*** Opening of PROVIDED MATERIAL ***

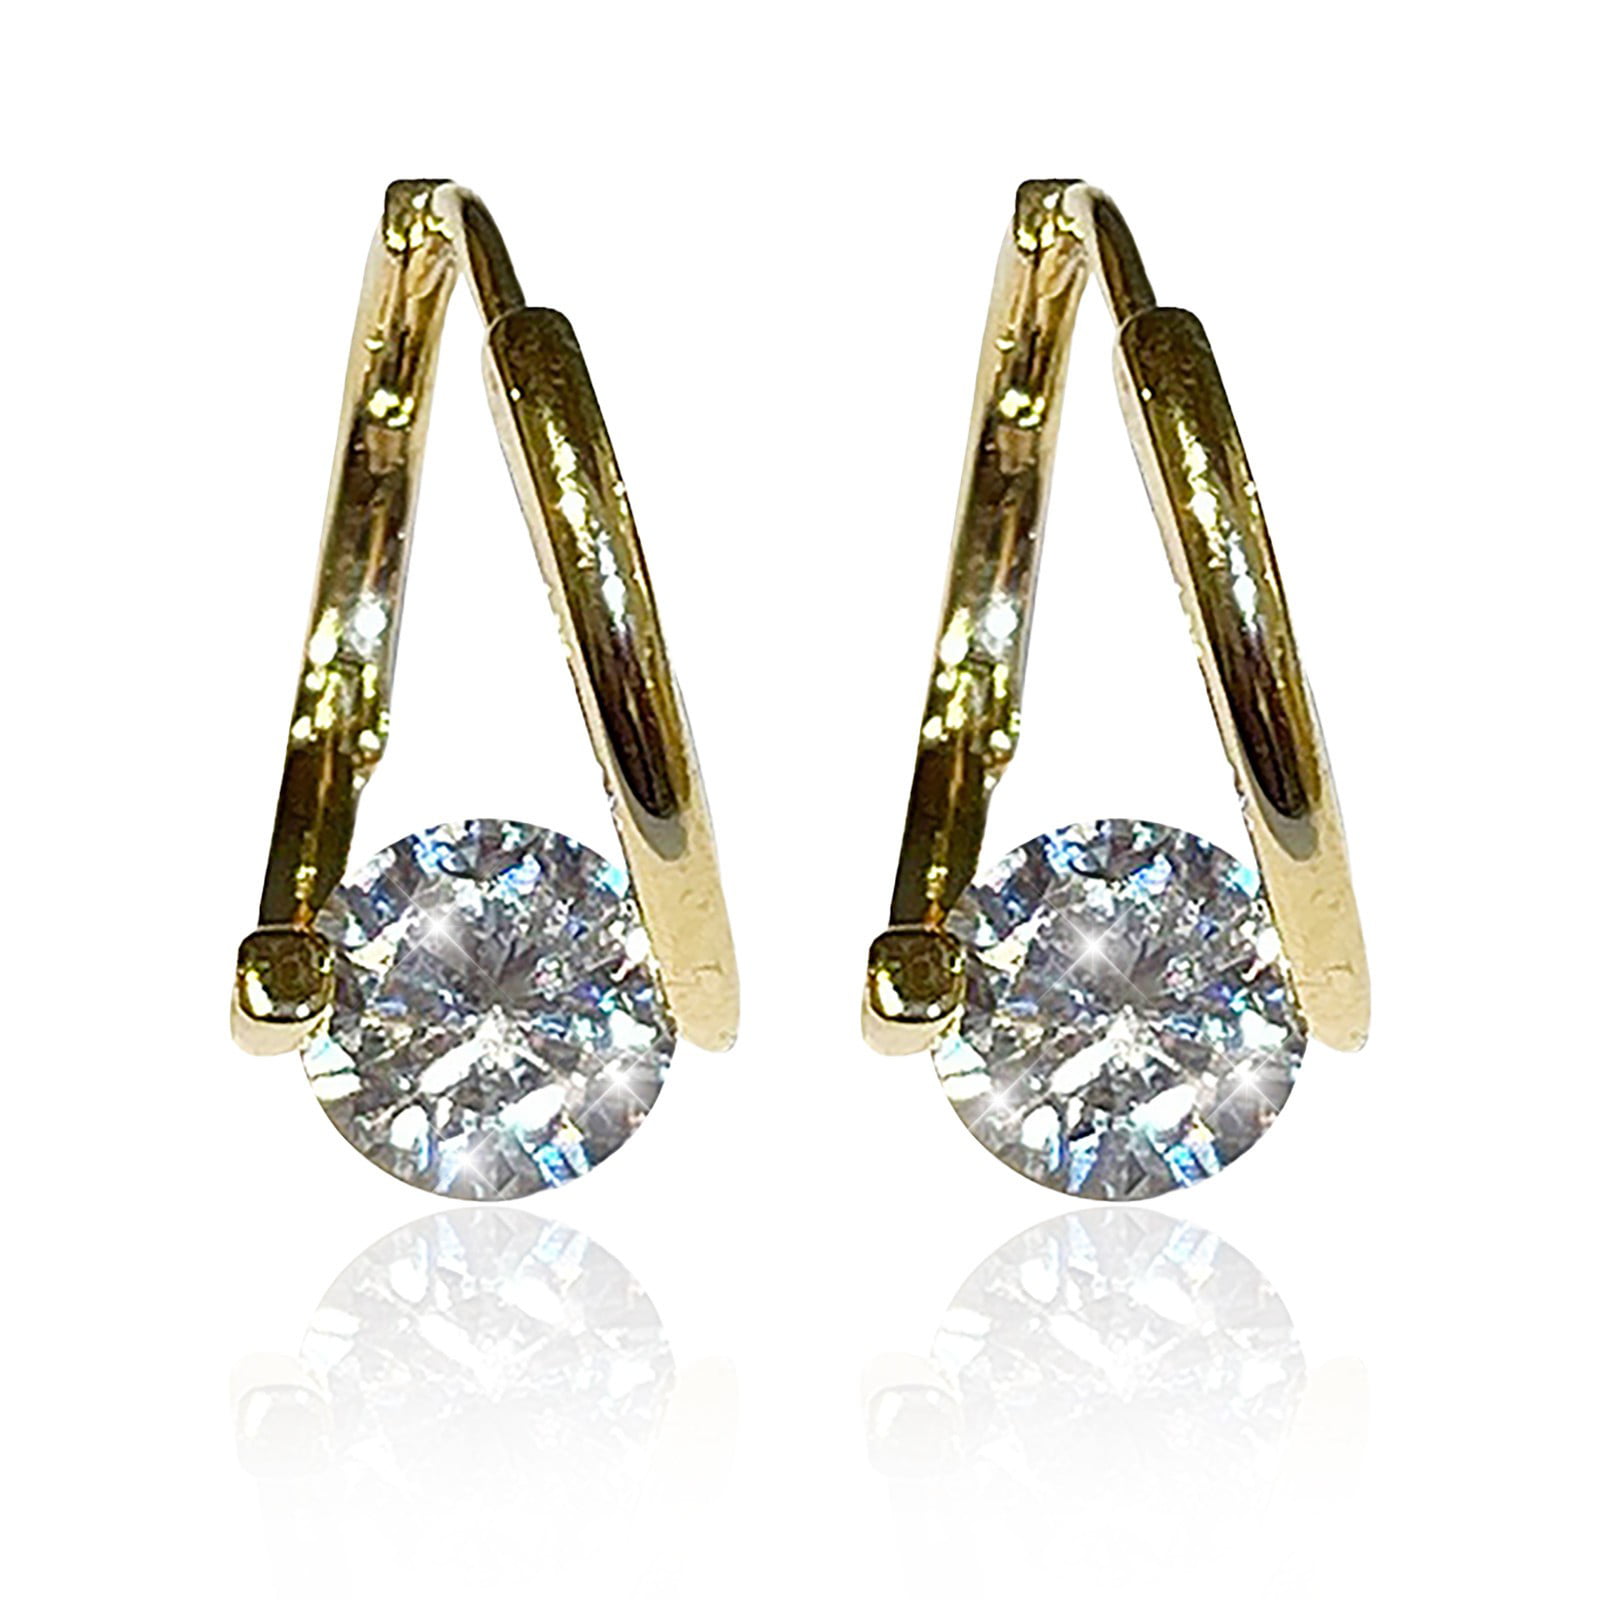 Color Lane Earrings American Diamond & Rhinestone Studded Dangler In Silver Tone For Women/Girls
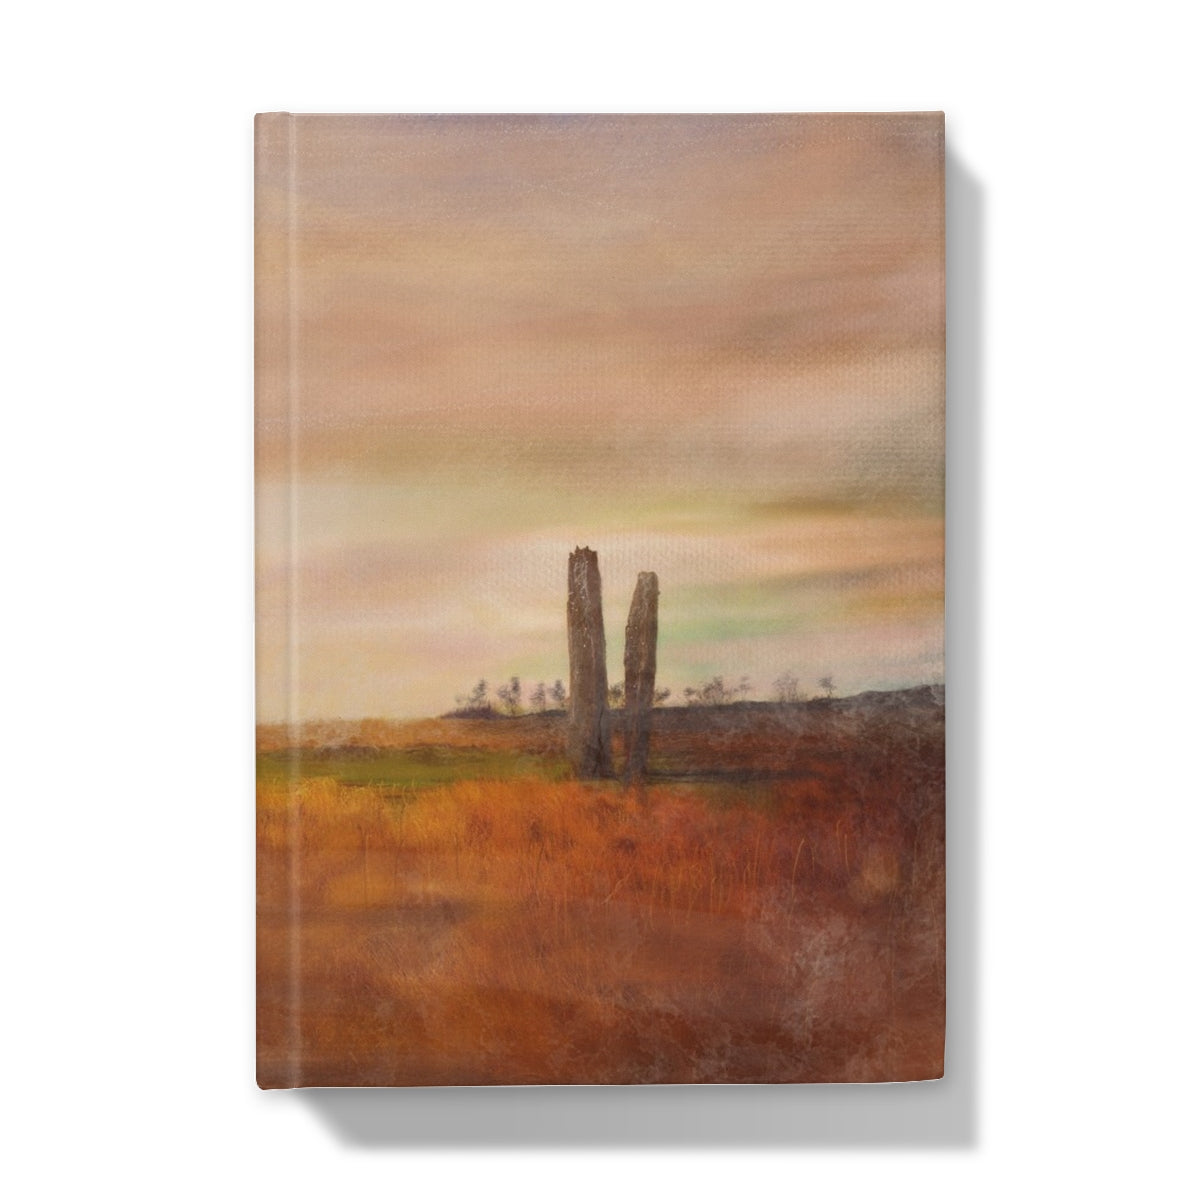 Machrie Moor Arran Art Gifts Hardback Journal-Journals & Notebooks-Arran Art Gallery-A4-Lined-Paintings, Prints, Homeware, Art Gifts From Scotland By Scottish Artist Kevin Hunter
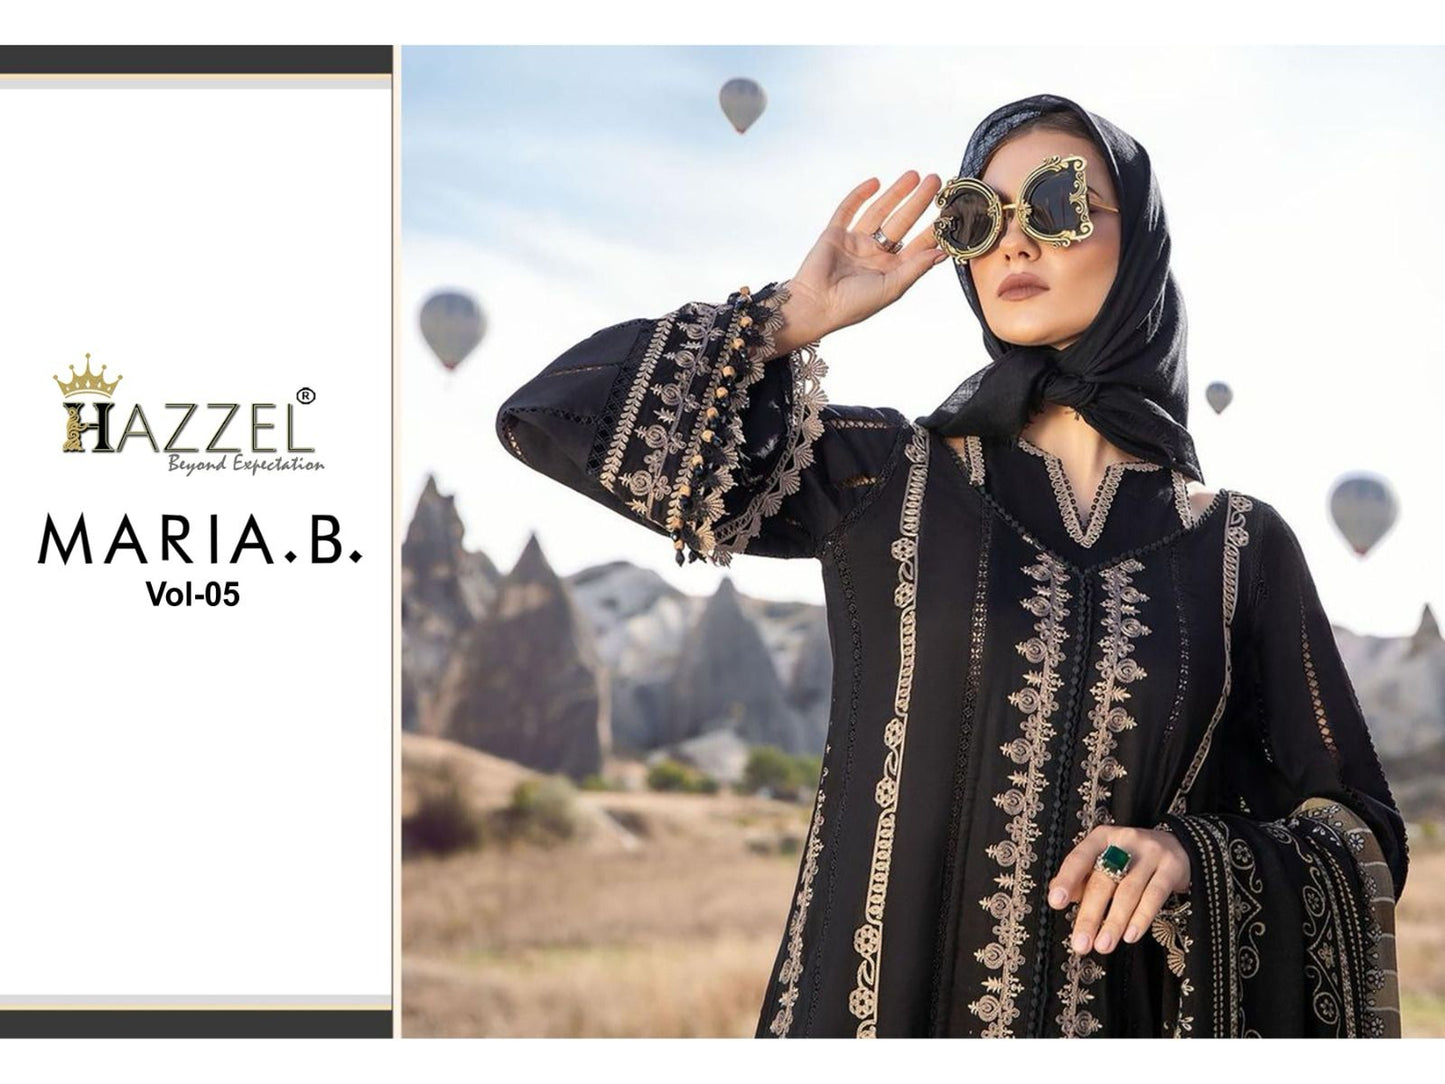 Maria B Vol-5 Hazzel Rayon Cotton Pakistani Salwar Suits

*** Close of PROVIDED MATERIAL ***

TASK BRIEF: Could you give the listing again exactly, minus its pictures?

RESULT OF THE TASK:
 Color Lane Earrings American Diamond & Rhinestone Studded Dangler In Silver Tone For Women/Girls
 Machrie Moor Arran Art Gifts Hardback Journal-Journals & Notebooks-Arran Art Gallery-A4-Lined-Paintings, Prints, Homeware, Art Gifts From Scotland By Scottish Artist Kevin Hunter
 Maria B Vol-5 Hazzel Rayon Cotton Pakistani Salwar Suits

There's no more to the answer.